Les sorts de la répartition et de l’officine sont toujours et encore liés. A la différence que les grossistes peuvent plus difficilement organiser un rapport de force avec le gouvernement pour tenter d’obtenir quelque chose.
CONTRIBUTEURS
Emmanuel Déchin (CSRP)
L’ANALYSE
Comme en 2014, c’est sur la répartition que l’impact des baisses de prix sur le médicament remboursable en ville a été le moins douloureux : – 0,05 % en CA et – 0,64 % en marge avant contribution et taxe.
Les grandes perdantes sont les ventes directes qui subissent une double peine (baisse des prix et des volumes).

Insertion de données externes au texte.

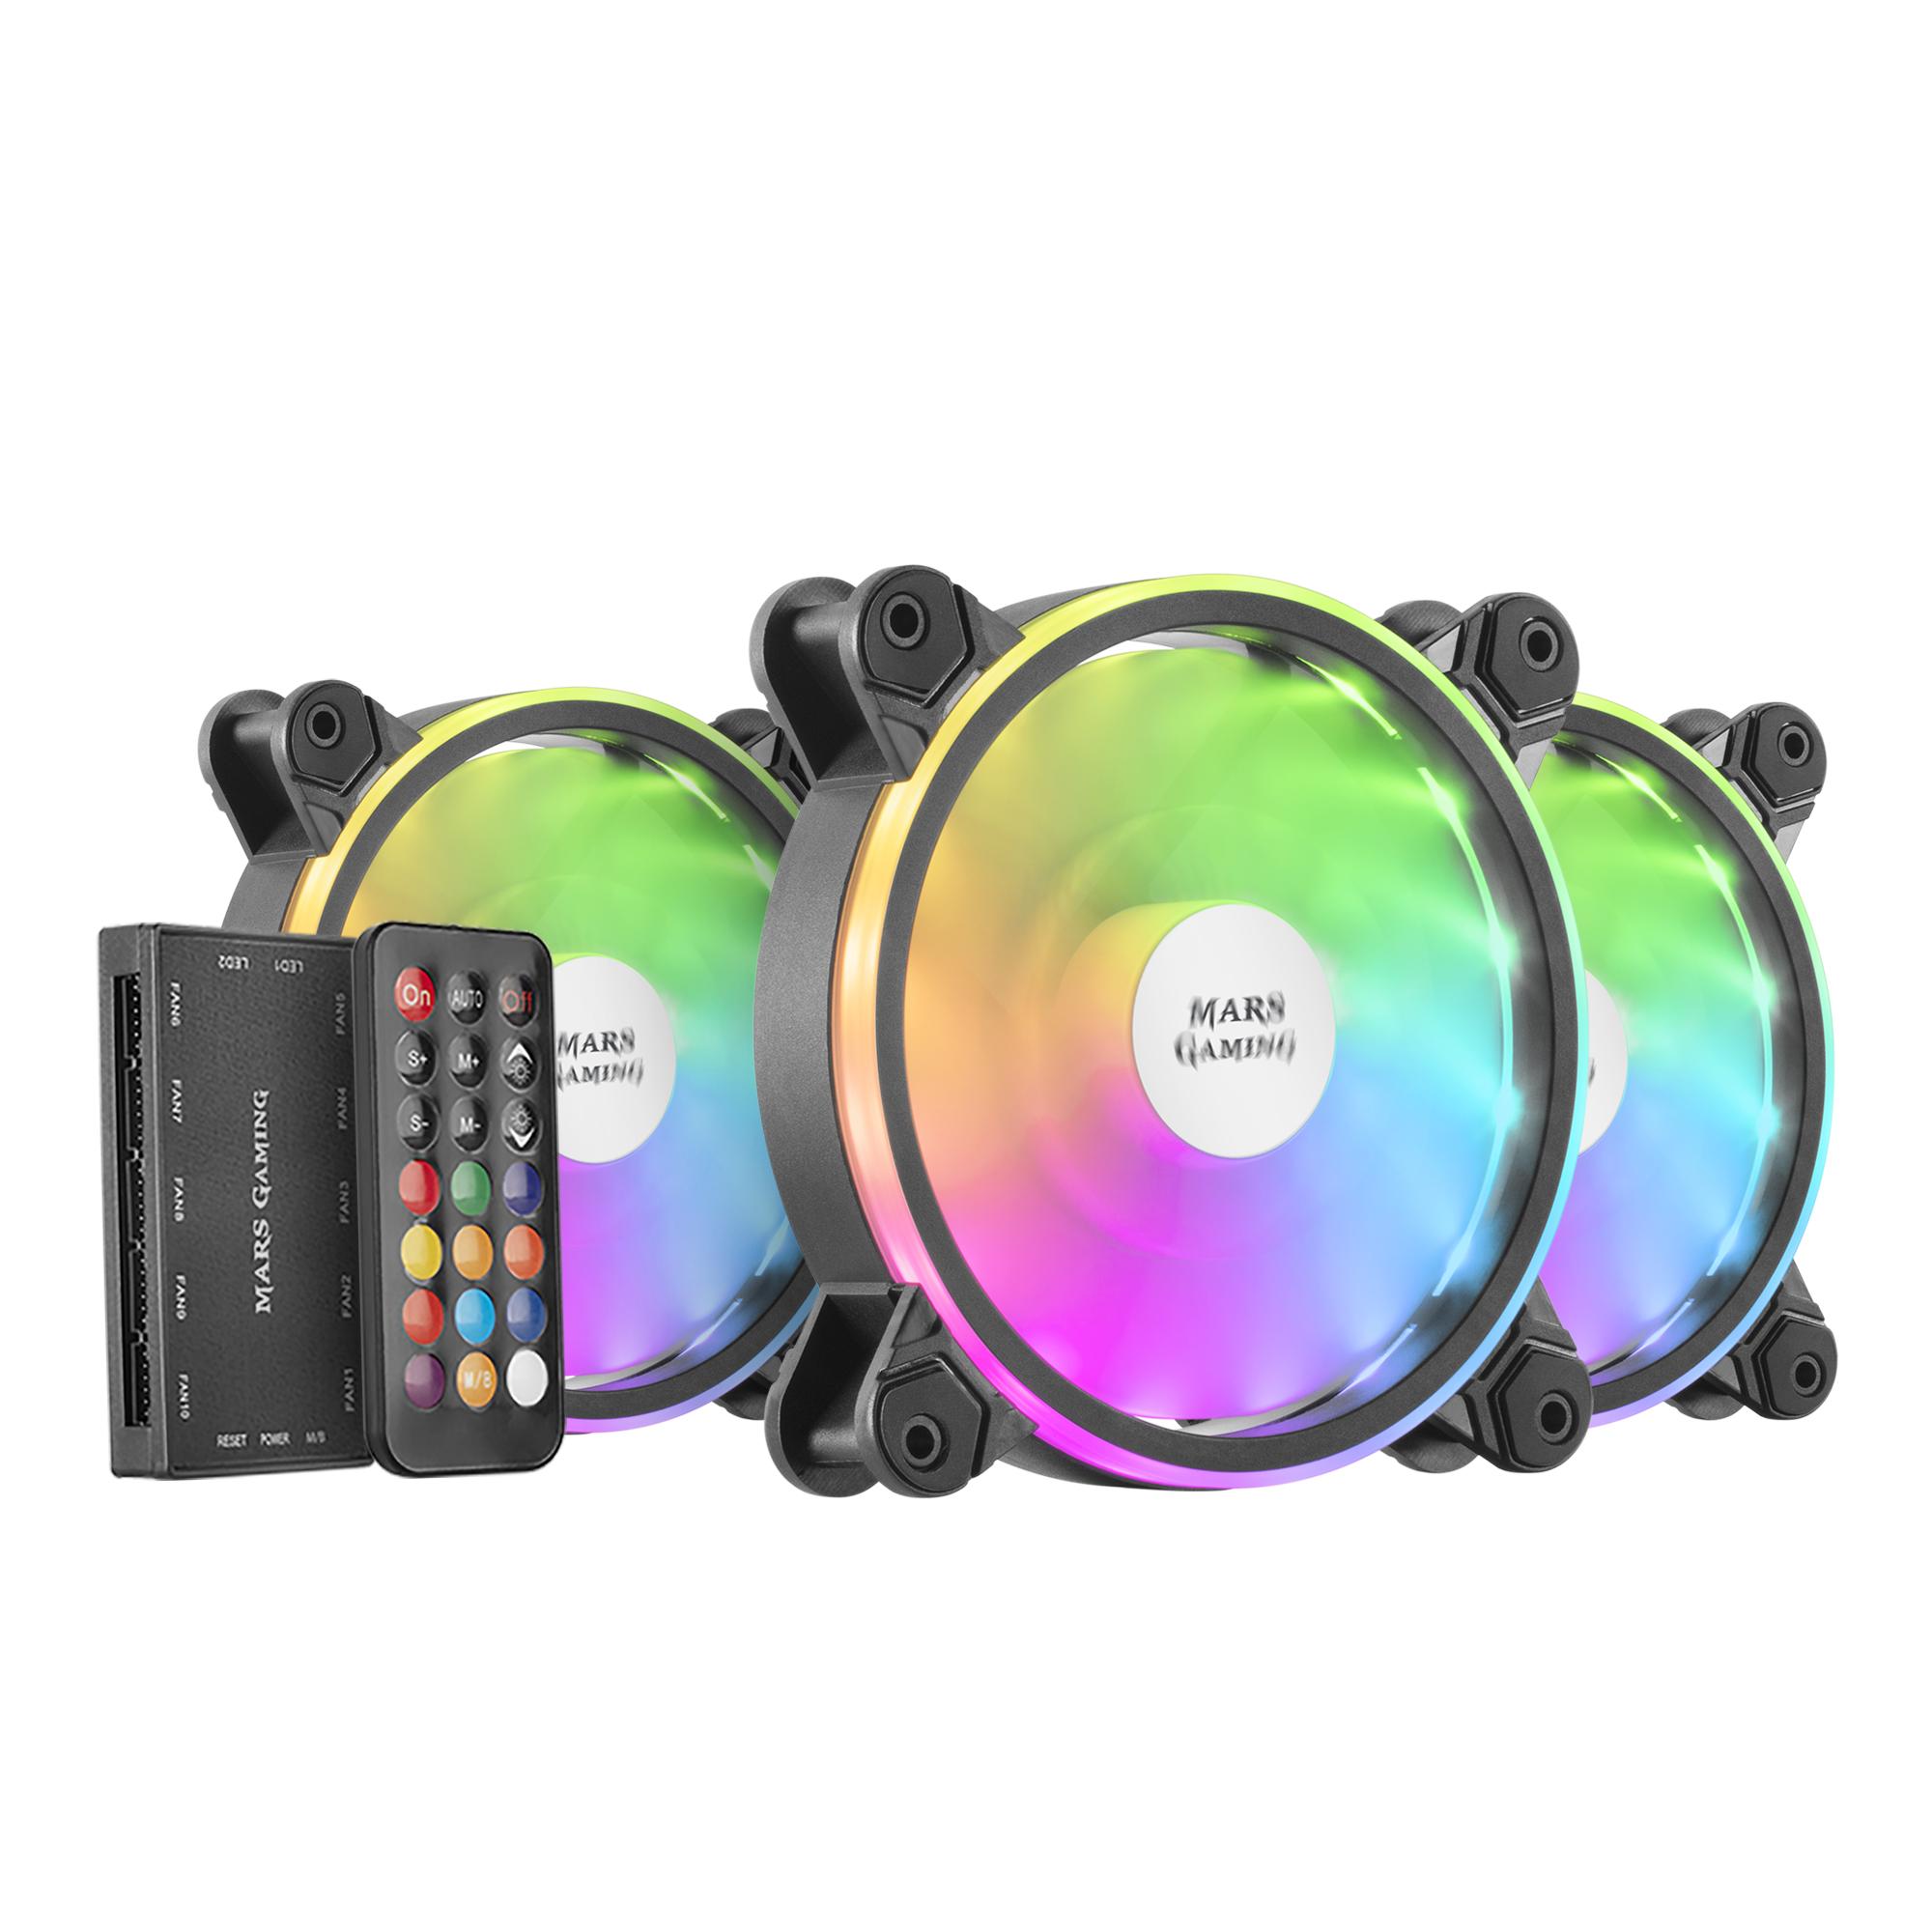 Mfxkit Ventilador De Pc Carcasa Del Ordenador Set De Refrigeración 12 Cm Negro 3 Pieza(s)

Même si la mise en place du nouveau mode de rémunération de la répartition en 2012 s’est traduite par une perte de marge importante, le retour à une marge linéaire (6,68 % sur le PFHT avec un montant plancher de 30 centimes et un plafond de 30 €) semble plus efficace que la nouvelle rémunération des pharmaciens pour atténuer les effets des baisses de prix.
L’ANALYSE
La tendance 2016 est globalement identique à celle de 2015, avec une situation nettement moins critique pour les ventes directes (- 2,07 %) et une dégradation d’activité légèrement accrue pour la répartition (- 0,68 %) qui reste néanmoins le maillon le moins exposé. Le deuxième acte de la réforme de la rémunération des pharmaciens (honoraire de dispensation à 1 €) semble jusqu’ici faire perdre un peu moins de CA au réseau (- 1,30 %) qu’en 2015 (- 1,74 %).
L’ANALYSE
Le modèle et la stratégie des CERP (proximité géographique et relationnelle, indépendance, actionnariat des pharmaciens, distributions de dividendes coopératifs…) a le vent en poupe. Ce sont les trois seuls grands répartiteurs nationaux à gagner des parts de marché en 2015 (CERP Rouen : + 0,53 point, CERP Rhin-Rhône-Méditerranée : + 0,27 point, CERP Bretagne : + 0,10 point). Les « autres » (Sogiphar, short-liners) tirent aussi leur épingle du jeu (+ 0,63 point). OCP, le leader, a perdu en 2015 ce qu’il avait gagné en 2014, retrouvant ainsi sa part de marché de 2013. Alliance Healthcare perd de la part de marché pour la cinquième année consécutive (- 5,64 points depuis 2011).
L’ANALYSE
En 8 ans, la perte de marge cumulée atteint 237 M€. L’année la plus noire est 2012 (- 83 M€), année du changement de marge des grossistes et d’aubaine pour le direct dont les ventes de génériques ont été boostées par le dispositif « tiers payant contre génériques ». En 2008, la perte était également importante (- 66 M€) et correspondait à une baisse de marge des répartiteurs (passage de 10,30 % à 9,93 % sur la première tranche).